(Stored data)
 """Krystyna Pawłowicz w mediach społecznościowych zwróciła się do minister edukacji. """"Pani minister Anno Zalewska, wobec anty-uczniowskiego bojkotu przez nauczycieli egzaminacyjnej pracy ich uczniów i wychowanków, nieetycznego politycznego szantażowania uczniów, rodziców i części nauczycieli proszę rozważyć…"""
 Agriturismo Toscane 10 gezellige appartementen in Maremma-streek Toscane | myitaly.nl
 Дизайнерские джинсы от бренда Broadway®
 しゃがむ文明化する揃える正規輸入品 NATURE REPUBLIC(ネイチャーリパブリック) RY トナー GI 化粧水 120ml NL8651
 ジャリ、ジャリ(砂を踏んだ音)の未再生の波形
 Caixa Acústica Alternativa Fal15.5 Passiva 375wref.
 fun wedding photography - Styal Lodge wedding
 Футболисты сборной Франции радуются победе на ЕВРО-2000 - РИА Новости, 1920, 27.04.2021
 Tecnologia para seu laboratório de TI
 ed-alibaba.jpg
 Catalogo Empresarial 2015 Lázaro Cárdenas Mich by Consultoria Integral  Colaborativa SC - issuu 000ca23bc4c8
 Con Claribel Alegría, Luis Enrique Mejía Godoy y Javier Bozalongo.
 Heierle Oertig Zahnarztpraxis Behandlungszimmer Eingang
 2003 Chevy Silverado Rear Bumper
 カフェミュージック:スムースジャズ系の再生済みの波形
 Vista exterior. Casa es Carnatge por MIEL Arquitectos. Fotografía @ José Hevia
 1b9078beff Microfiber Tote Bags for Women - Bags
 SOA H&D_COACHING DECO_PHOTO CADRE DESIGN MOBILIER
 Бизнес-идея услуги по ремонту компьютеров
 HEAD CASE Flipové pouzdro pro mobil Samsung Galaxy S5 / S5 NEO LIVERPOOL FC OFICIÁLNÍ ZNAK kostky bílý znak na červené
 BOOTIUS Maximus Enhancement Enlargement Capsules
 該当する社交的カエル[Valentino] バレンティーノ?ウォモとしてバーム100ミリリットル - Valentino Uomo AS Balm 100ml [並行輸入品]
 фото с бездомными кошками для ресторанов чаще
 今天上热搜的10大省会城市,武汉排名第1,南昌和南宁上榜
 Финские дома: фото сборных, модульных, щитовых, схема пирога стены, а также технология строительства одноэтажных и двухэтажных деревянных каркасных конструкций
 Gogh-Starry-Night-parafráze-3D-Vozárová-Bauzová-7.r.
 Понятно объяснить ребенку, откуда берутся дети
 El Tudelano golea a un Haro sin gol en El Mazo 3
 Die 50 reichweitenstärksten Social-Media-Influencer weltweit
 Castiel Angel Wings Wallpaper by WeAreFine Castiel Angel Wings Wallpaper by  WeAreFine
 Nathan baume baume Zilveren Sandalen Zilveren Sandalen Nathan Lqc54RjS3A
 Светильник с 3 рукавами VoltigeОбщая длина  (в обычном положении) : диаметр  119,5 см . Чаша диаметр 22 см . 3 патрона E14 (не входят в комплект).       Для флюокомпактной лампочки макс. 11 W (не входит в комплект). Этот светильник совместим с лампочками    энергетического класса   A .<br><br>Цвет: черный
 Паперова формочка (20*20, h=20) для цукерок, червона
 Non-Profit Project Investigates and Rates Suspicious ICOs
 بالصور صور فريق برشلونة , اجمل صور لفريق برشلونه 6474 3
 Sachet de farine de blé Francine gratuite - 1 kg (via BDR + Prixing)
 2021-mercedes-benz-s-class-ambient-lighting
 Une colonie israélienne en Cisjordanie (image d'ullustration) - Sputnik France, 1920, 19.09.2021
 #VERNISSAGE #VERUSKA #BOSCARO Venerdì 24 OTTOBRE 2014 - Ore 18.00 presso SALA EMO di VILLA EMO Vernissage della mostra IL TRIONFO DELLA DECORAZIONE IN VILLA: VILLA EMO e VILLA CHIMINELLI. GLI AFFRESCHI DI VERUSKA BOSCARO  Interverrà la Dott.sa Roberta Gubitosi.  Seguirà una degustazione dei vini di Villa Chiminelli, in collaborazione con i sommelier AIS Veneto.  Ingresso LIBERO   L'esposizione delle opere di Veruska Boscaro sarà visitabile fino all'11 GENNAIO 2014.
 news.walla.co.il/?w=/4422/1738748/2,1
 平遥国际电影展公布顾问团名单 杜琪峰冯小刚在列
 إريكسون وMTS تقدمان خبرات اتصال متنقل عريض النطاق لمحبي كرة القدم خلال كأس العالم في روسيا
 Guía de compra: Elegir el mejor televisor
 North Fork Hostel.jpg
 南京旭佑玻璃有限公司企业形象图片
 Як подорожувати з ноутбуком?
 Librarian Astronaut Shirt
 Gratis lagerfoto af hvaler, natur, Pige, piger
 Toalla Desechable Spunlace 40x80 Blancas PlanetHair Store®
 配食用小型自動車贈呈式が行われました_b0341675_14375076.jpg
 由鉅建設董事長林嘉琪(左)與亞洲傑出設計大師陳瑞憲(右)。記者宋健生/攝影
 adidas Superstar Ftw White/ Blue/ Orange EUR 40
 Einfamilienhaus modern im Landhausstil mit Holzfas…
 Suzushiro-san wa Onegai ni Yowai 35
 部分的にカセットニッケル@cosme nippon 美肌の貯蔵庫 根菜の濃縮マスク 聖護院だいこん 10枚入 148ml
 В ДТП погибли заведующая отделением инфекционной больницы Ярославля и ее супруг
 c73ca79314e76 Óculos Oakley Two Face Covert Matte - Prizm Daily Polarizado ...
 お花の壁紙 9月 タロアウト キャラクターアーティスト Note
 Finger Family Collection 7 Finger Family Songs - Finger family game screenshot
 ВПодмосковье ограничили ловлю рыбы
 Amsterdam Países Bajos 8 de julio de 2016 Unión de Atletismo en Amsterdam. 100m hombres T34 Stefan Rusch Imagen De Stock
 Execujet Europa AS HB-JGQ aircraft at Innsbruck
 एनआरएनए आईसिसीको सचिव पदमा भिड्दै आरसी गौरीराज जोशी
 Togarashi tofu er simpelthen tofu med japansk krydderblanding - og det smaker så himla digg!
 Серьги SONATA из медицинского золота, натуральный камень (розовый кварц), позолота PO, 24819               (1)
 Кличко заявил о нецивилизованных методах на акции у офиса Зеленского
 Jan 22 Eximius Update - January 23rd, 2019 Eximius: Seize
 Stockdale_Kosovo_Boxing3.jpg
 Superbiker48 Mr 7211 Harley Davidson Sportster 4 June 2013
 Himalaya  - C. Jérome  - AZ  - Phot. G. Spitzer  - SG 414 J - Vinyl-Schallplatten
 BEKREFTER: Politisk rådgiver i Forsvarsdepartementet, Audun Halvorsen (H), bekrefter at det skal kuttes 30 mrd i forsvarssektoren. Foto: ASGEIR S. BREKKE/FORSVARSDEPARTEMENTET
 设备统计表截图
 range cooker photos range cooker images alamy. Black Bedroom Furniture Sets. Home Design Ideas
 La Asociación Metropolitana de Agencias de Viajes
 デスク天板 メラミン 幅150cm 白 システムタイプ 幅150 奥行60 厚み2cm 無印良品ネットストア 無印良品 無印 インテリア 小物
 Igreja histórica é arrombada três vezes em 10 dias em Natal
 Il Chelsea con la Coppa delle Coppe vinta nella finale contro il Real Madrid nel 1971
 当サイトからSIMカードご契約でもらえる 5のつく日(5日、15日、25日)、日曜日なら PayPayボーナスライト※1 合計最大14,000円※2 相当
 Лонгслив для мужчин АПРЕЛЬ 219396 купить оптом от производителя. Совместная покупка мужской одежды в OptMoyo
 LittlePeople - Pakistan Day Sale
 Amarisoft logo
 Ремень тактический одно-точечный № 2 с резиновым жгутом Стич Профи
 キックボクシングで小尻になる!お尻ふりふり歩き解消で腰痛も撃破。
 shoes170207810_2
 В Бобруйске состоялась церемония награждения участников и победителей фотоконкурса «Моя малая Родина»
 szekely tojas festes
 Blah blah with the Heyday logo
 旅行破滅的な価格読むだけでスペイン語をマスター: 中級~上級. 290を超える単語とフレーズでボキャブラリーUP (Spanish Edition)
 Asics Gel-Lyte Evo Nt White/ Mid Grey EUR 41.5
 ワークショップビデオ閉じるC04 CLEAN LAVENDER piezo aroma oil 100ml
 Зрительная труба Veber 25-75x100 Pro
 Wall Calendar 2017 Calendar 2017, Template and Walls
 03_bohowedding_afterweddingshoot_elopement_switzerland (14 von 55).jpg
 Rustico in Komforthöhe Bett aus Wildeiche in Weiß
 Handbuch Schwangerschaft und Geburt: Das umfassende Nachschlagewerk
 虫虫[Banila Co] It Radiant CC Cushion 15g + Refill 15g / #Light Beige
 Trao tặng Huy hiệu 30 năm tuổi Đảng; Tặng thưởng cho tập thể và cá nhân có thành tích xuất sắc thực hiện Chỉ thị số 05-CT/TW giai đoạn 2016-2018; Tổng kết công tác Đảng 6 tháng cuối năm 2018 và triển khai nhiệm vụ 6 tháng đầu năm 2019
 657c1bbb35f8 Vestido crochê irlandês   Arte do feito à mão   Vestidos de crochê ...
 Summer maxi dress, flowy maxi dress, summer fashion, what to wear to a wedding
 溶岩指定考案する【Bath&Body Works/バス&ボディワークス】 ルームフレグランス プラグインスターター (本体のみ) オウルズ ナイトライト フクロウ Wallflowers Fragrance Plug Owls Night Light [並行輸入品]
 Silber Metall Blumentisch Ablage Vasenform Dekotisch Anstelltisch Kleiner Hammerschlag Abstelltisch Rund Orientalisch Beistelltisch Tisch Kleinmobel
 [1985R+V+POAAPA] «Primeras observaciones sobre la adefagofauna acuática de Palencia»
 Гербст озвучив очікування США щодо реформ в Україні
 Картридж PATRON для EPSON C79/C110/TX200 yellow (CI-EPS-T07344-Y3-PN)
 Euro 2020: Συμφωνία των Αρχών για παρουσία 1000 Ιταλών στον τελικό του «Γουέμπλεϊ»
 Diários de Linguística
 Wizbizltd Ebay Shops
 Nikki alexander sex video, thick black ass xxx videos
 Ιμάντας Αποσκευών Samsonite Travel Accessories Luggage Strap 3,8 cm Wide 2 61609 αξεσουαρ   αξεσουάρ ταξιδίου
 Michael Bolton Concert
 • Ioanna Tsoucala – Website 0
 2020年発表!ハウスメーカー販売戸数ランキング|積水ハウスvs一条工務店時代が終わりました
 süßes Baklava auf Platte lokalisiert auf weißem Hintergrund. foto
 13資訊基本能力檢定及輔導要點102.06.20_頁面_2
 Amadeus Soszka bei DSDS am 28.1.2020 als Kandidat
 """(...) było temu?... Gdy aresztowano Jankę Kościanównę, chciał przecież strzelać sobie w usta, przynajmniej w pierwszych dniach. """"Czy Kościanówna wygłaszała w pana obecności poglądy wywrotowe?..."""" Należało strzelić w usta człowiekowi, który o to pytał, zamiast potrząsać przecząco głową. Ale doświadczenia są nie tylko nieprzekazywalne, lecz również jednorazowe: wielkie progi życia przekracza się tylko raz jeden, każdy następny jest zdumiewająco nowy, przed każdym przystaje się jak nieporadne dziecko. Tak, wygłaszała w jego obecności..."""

• Assignment: All lines above from the one containing "Superbiker48 Mr 7211" to the one containing "溶岩指定考案する【Bath&Body Works/バス&ボディワークス】 ルームフレグランス" must be repeated exactly, both lines included, and no others.

• Answer space:
 Superbiker48 Mr 7211 Harley Davidson Sportster 4 June 2013
 Himalaya  - C. Jérome  - AZ  - Phot. G. Spitzer  - SG 414 J - Vinyl-Schallplatten
 BEKREFTER: Politisk rådgiver i Forsvarsdepartementet, Audun Halvorsen (H), bekrefter at det skal kuttes 30 mrd i forsvarssektoren. Foto: ASGEIR S. BREKKE/FORSVARSDEPARTEMENTET
 设备统计表截图
 range cooker photos range cooker images alamy. Black Bedroom Furniture Sets. Home Design Ideas
 La Asociación Metropolitana de Agencias de Viajes
 デスク天板 メラミン 幅150cm 白 システムタイプ 幅150 奥行60 厚み2cm 無印良品ネットストア 無印良品 無印 インテリア 小物
 Igreja histórica é arrombada três vezes em 10 dias em Natal
 Il Chelsea con la Coppa delle Coppe vinta nella finale contro il Real Madrid nel 1971
 当サイトからSIMカードご契約でもらえる 5のつく日(5日、15日、25日)、日曜日なら PayPayボーナスライト※1 合計最大14,000円※2 相当
 Лонгслив для мужчин АПРЕЛЬ 219396 купить оптом от производителя. Совместная покупка мужской одежды в OptMoyo
 LittlePeople - Pakistan Day Sale
 Amarisoft logo
 Ремень тактический одно-точечный № 2 с резиновым жгутом Стич Профи
 キックボクシングで小尻になる!お尻ふりふり歩き解消で腰痛も撃破。
 shoes170207810_2
 В Бобруйске состоялась церемония награждения участников и победителей фотоконкурса «Моя малая Родина»
 szekely tojas festes
 Blah blah with the Heyday logo
 旅行破滅的な価格読むだけでスペイン語をマスター: 中級~上級. 290を超える単語とフレーズでボキャブラリーUP (Spanish Edition)
 Asics Gel-Lyte Evo Nt White/ Mid Grey EUR 41.5
 ワークショップビデオ閉じるC04 CLEAN LAVENDER piezo aroma oil 100ml
 Зрительная труба Veber 25-75x100 Pro
 Wall Calendar 2017 Calendar 2017, Template and Walls
 03_bohowedding_afterweddingshoot_elopement_switzerland (14 von 55).jpg
 Rustico in Komforthöhe Bett aus Wildeiche in Weiß
 Handbuch Schwangerschaft und Geburt: Das umfassende Nachschlagewerk
 虫虫[Banila Co] It Radiant CC Cushion 15g + Refill 15g / #Light Beige
 Trao tặng Huy hiệu 30 năm tuổi Đảng; Tặng thưởng cho tập thể và cá nhân có thành tích xuất sắc thực hiện Chỉ thị số 05-CT/TW giai đoạn 2016-2018; Tổng kết công tác Đảng 6 tháng cuối năm 2018 và triển khai nhiệm vụ 6 tháng đầu năm 2019
 657c1bbb35f8 Vestido crochê irlandês   Arte do feito à mão   Vestidos de crochê ...
 Summer maxi dress, flowy maxi dress, summer fashion, what to wear to a wedding
 溶岩指定考案する【Bath&Body Works/バス&ボディワークス】 ルームフレグランス プラグインスターター (本体のみ) オウルズ ナイトライト フクロウ Wallflowers Fragrance Plug Owls Night Light [並行輸入品]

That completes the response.